▶ Exercise goal: In the material below, begin at the line that has "Bombeiros voluntários e", stop after the line that has "Легенды о призраках", and transcribe those lines exactly, without pictures.

▶ Given records:
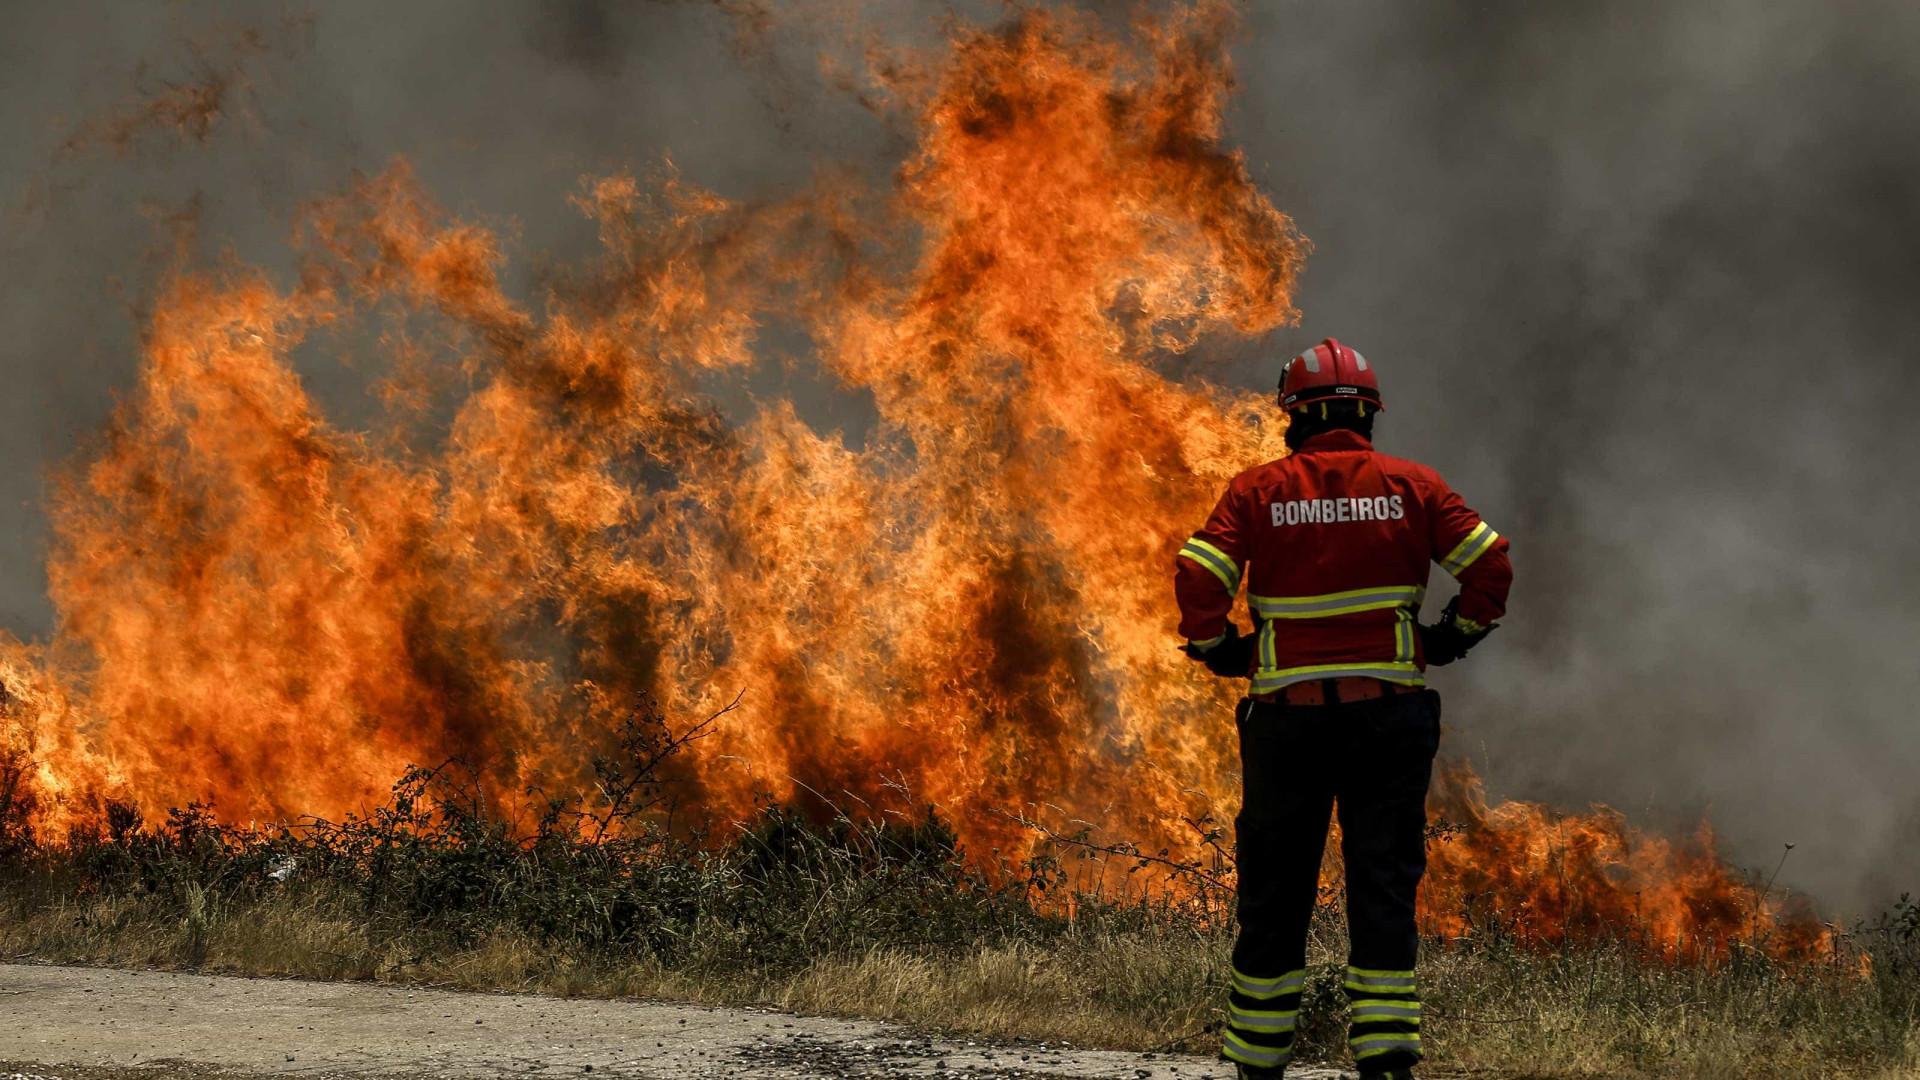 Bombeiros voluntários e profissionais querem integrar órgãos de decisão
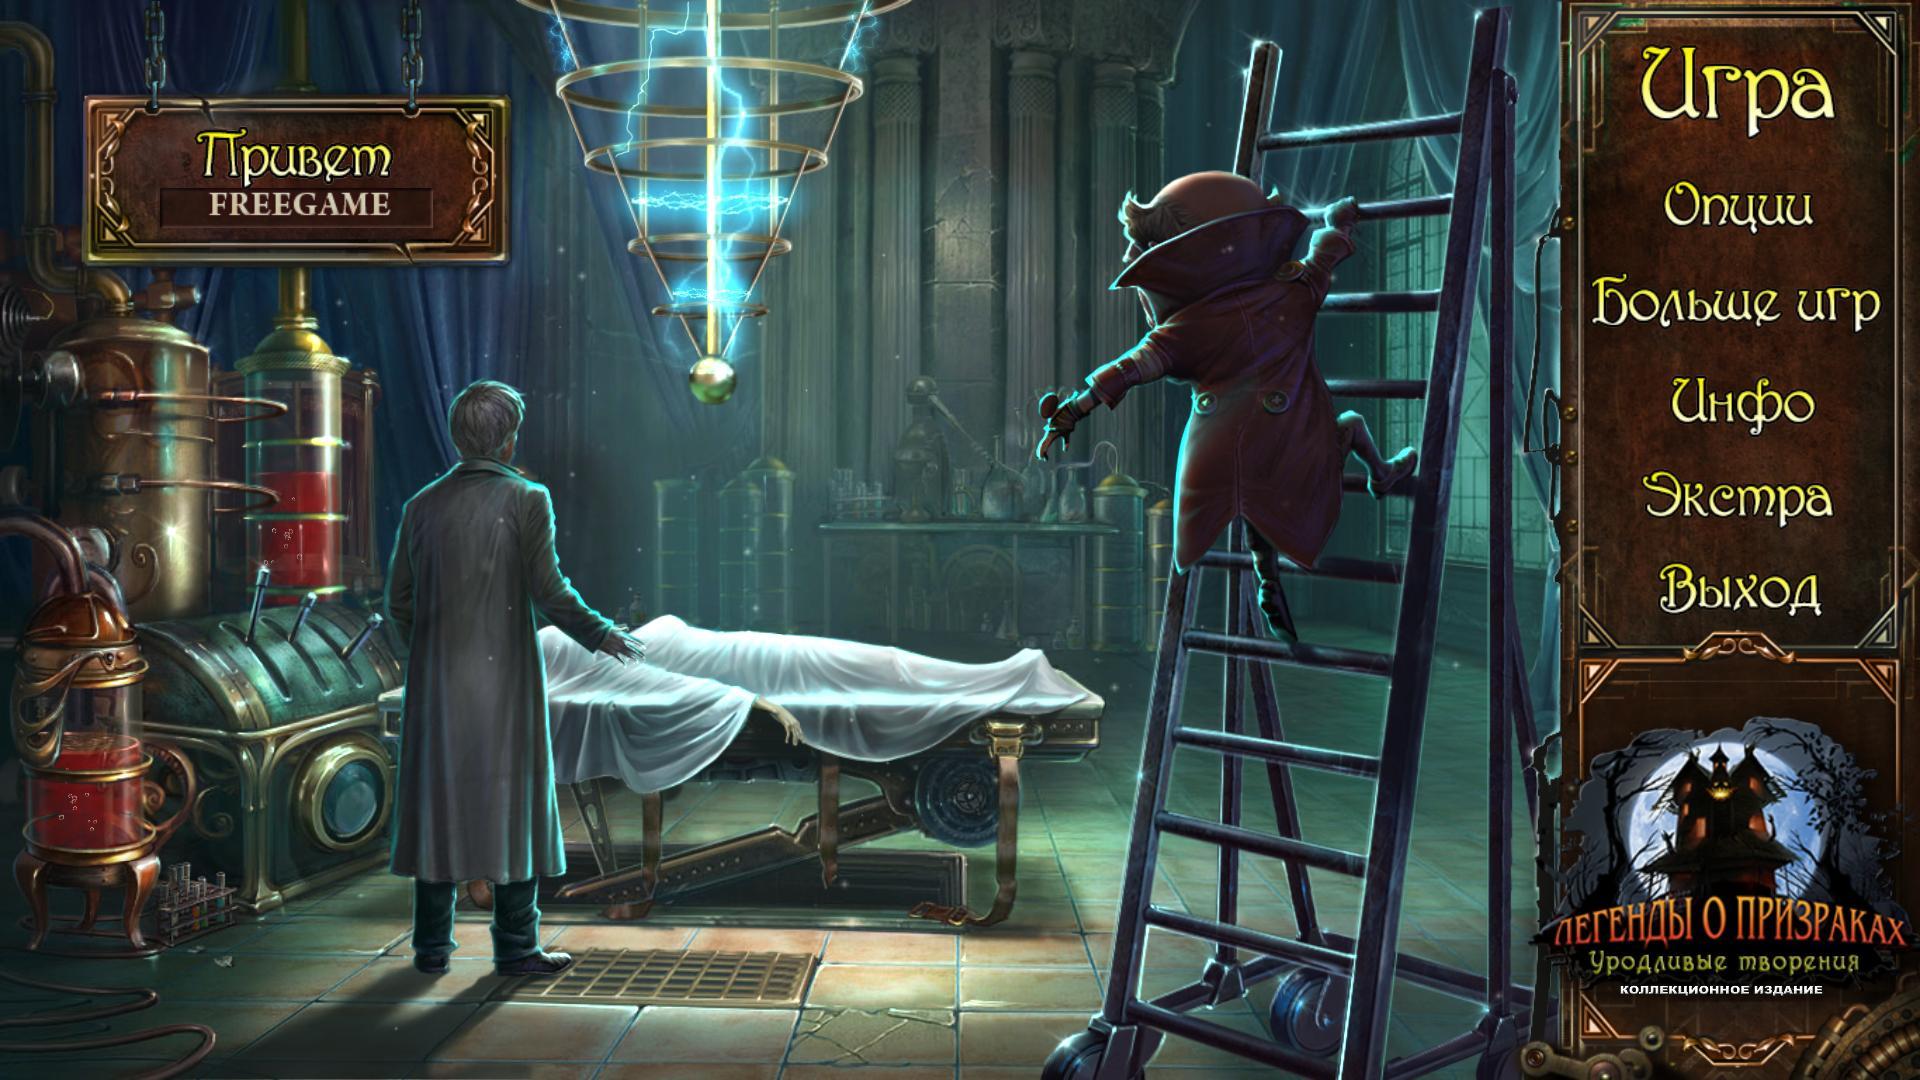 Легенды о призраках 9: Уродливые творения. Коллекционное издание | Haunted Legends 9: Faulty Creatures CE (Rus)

--

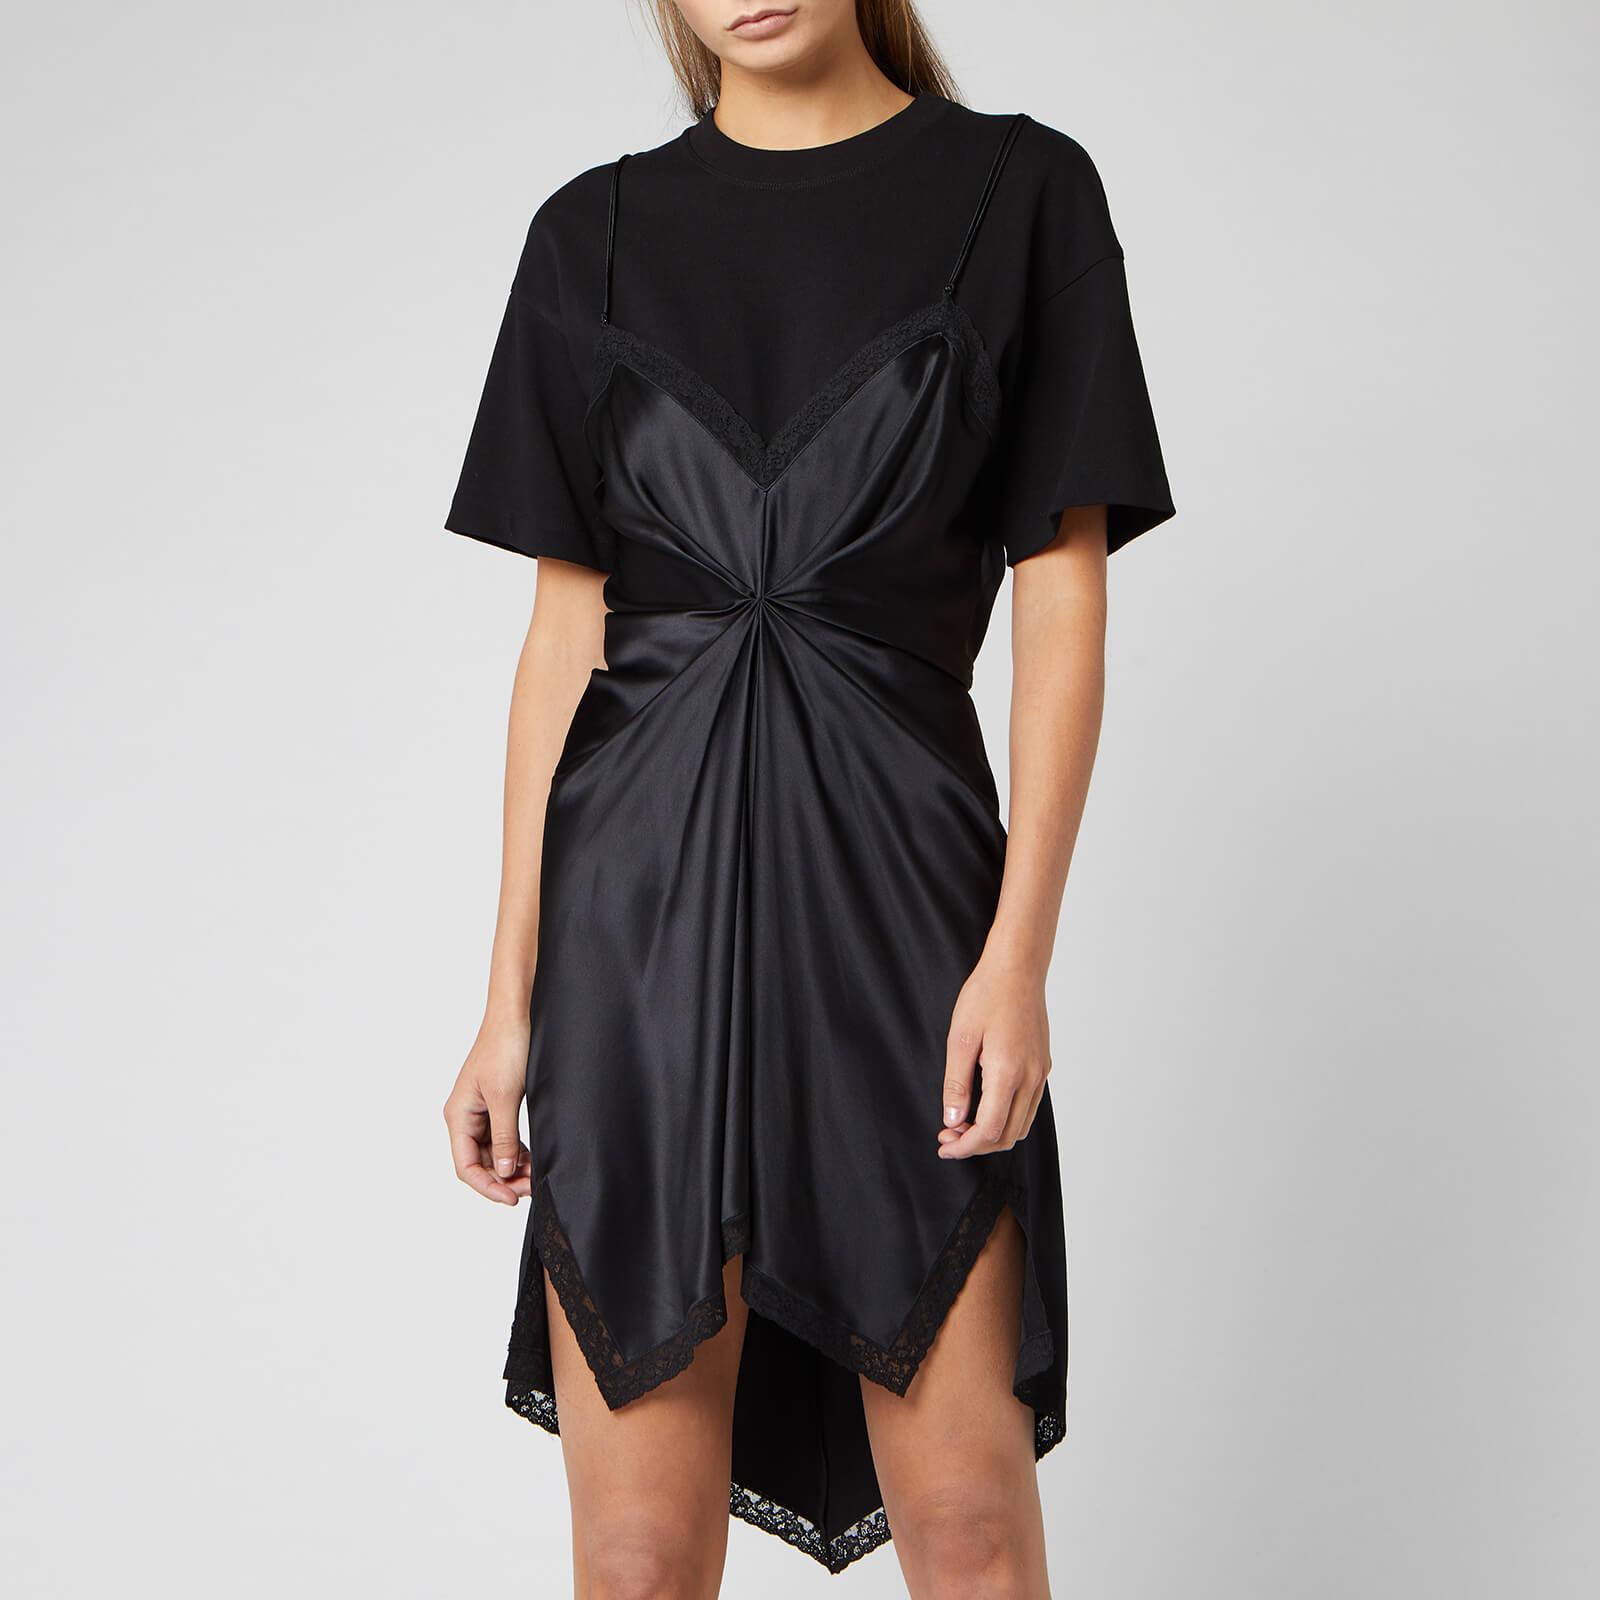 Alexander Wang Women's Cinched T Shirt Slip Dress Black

▶ Result for this exercise:
 Bombeiros voluntários e profissionais querem integrar órgãos de decisão
 Легенды о призраках 9: Уродливые творения. Коллекционное издание | Haunted Legends 9: Faulty Creatures CE (Rus)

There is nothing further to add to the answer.